** Supplied records follows **

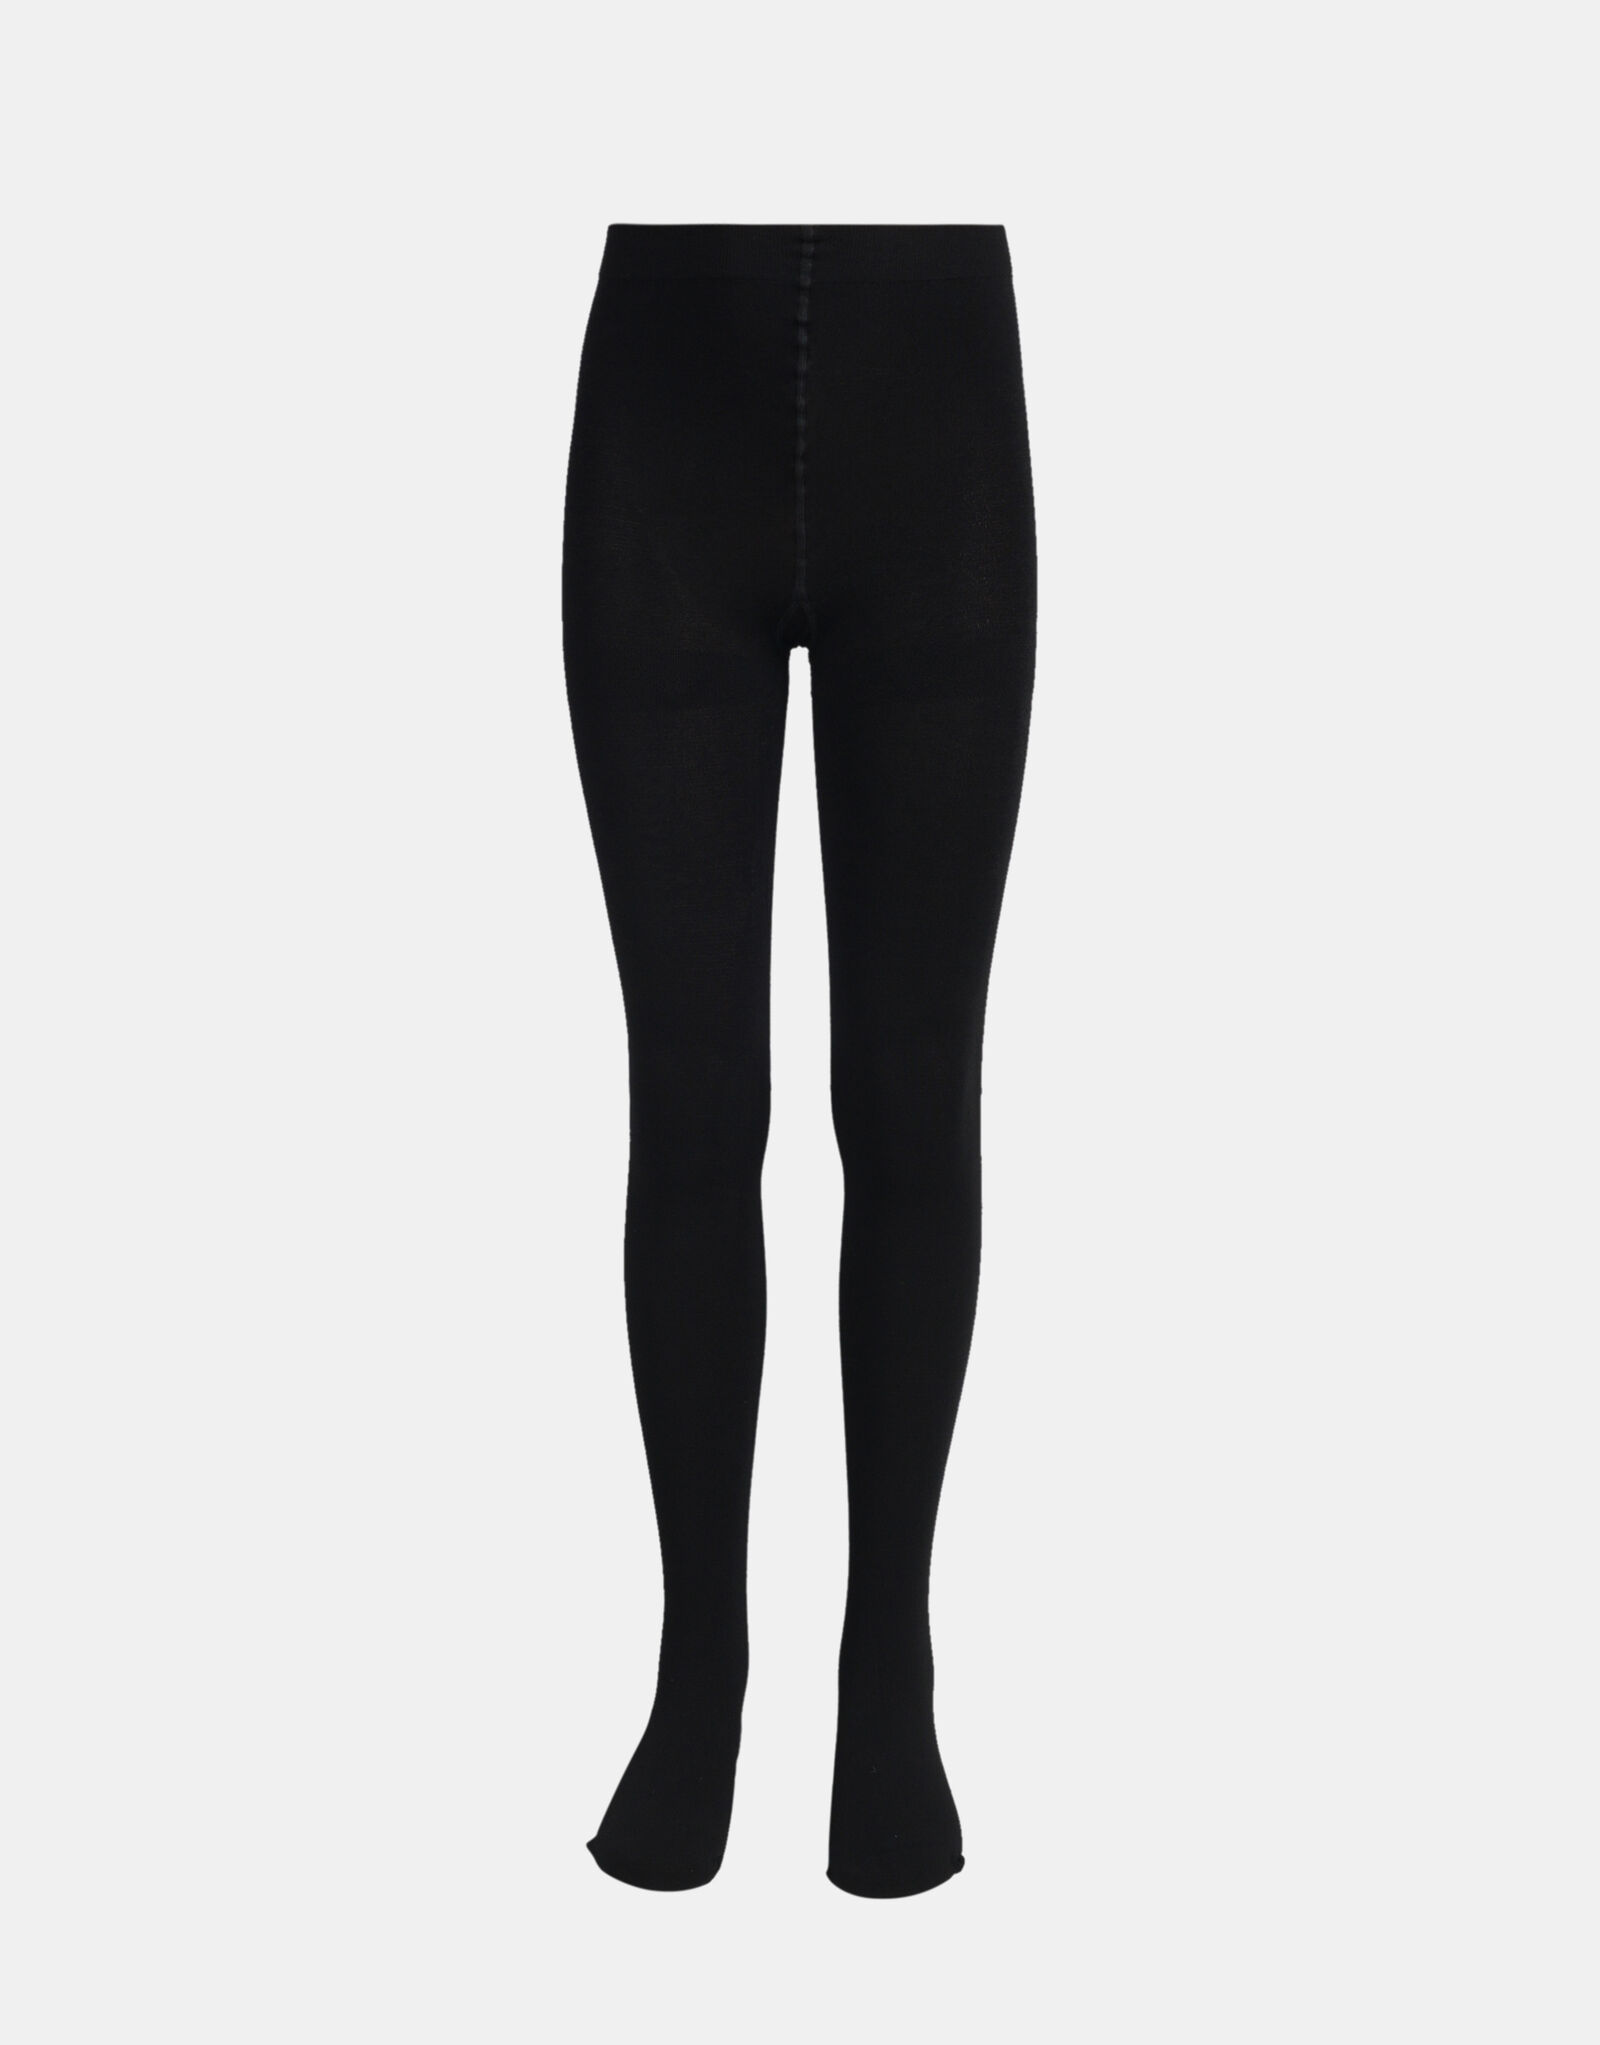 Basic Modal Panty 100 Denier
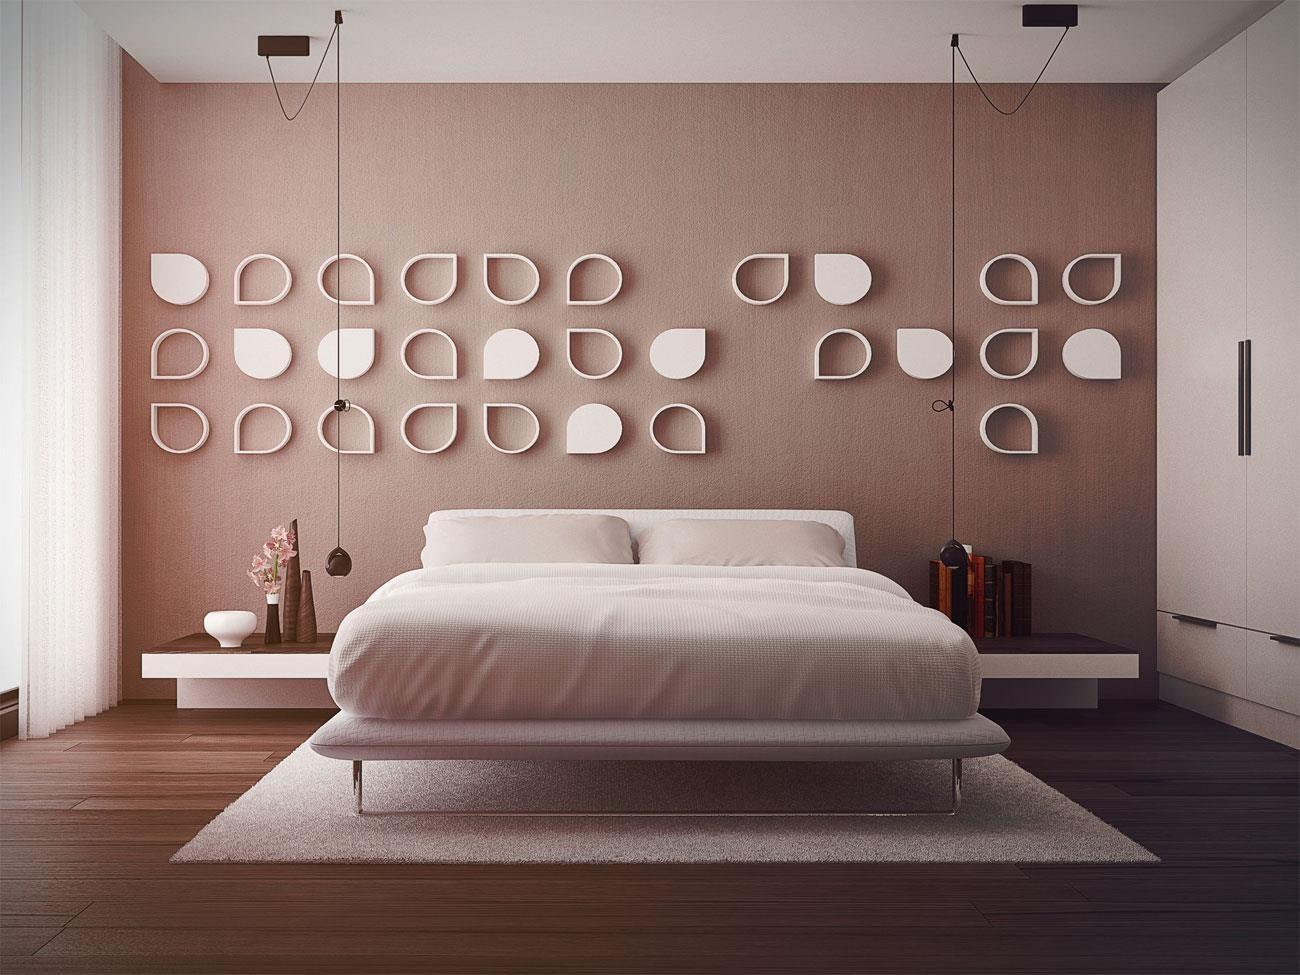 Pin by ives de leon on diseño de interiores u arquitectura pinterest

** End of Supplied records **
** Supplied records follows **

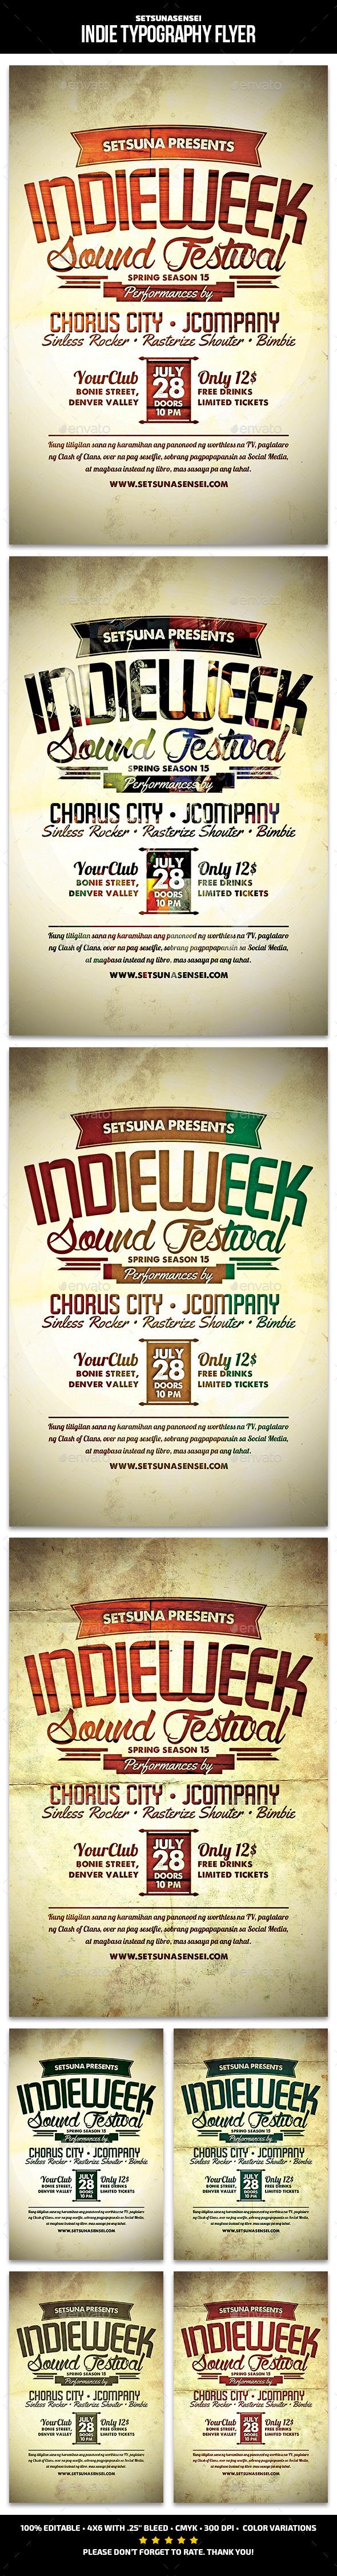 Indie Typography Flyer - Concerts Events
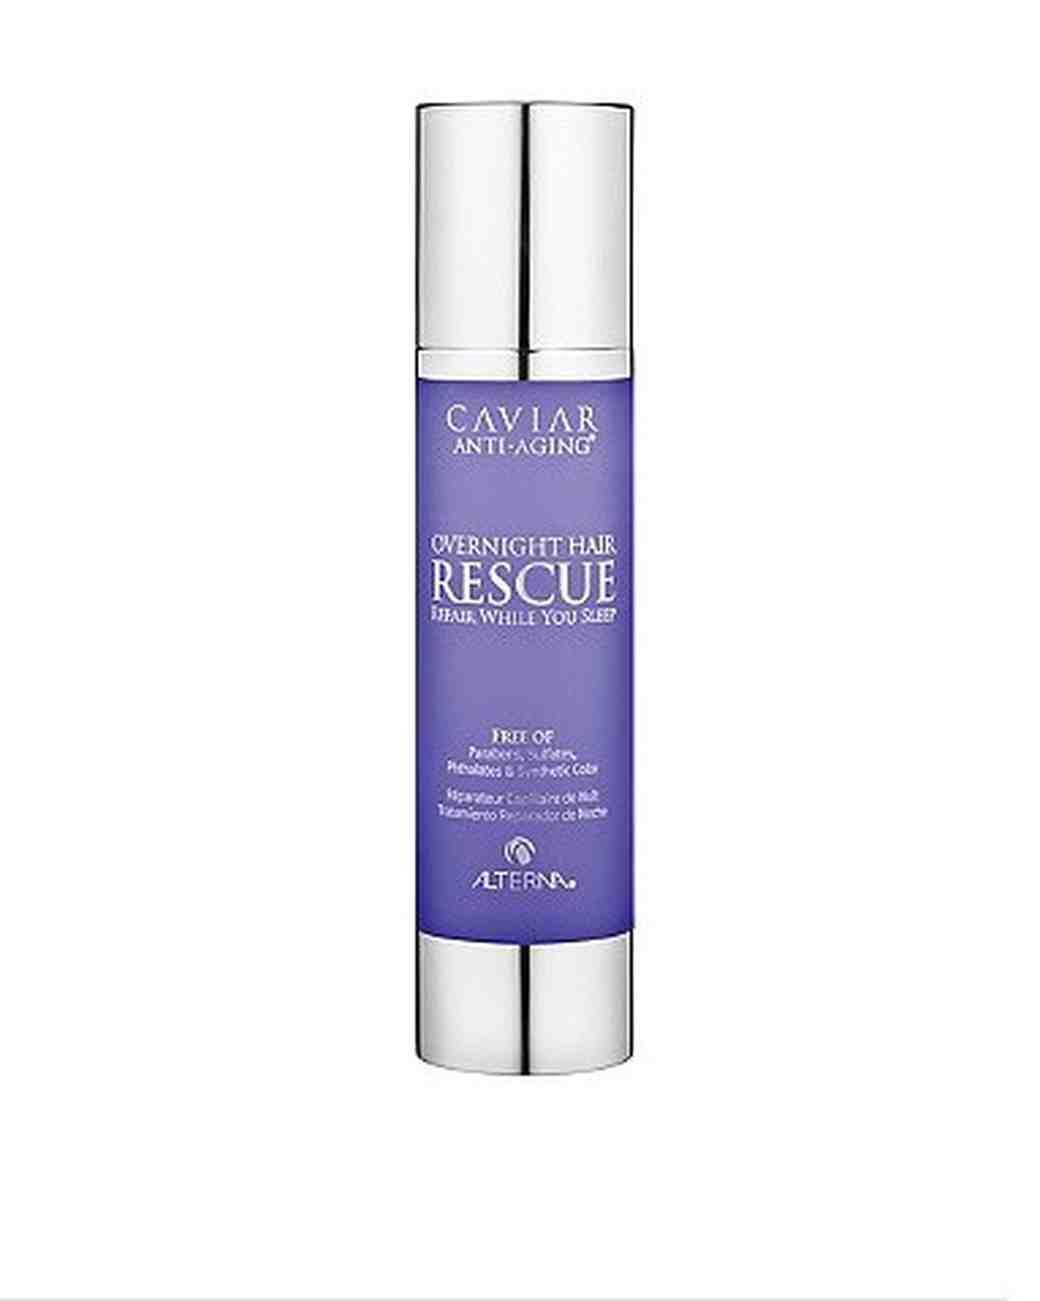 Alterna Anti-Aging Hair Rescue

** End of Supplied records **
** Supplied records follows **

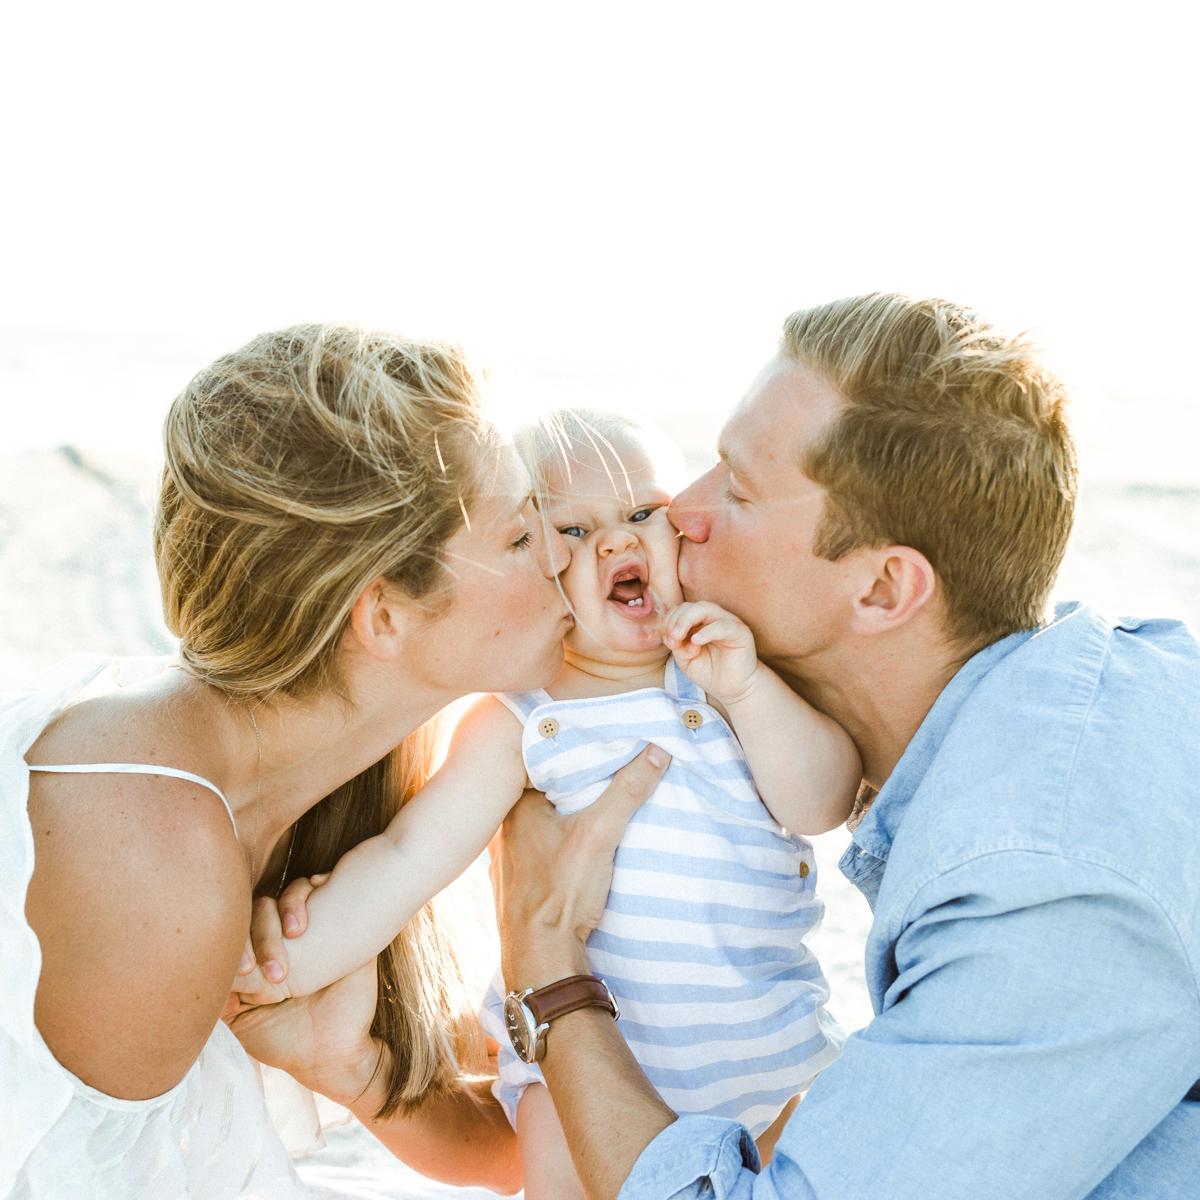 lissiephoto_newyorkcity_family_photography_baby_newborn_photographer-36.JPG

** End of Supplied records **

* Assignment
An exact copy is needed of the stretch above that opens with the line containing "Basic Modal Panty 100 Denier" and closes with the line containing "Pin by ives"; the pictures are not part of it.

* The completed task
 Basic Modal Panty 100 Denier
 Pin by ives de leon on diseño de interiores u arquitectura pinterest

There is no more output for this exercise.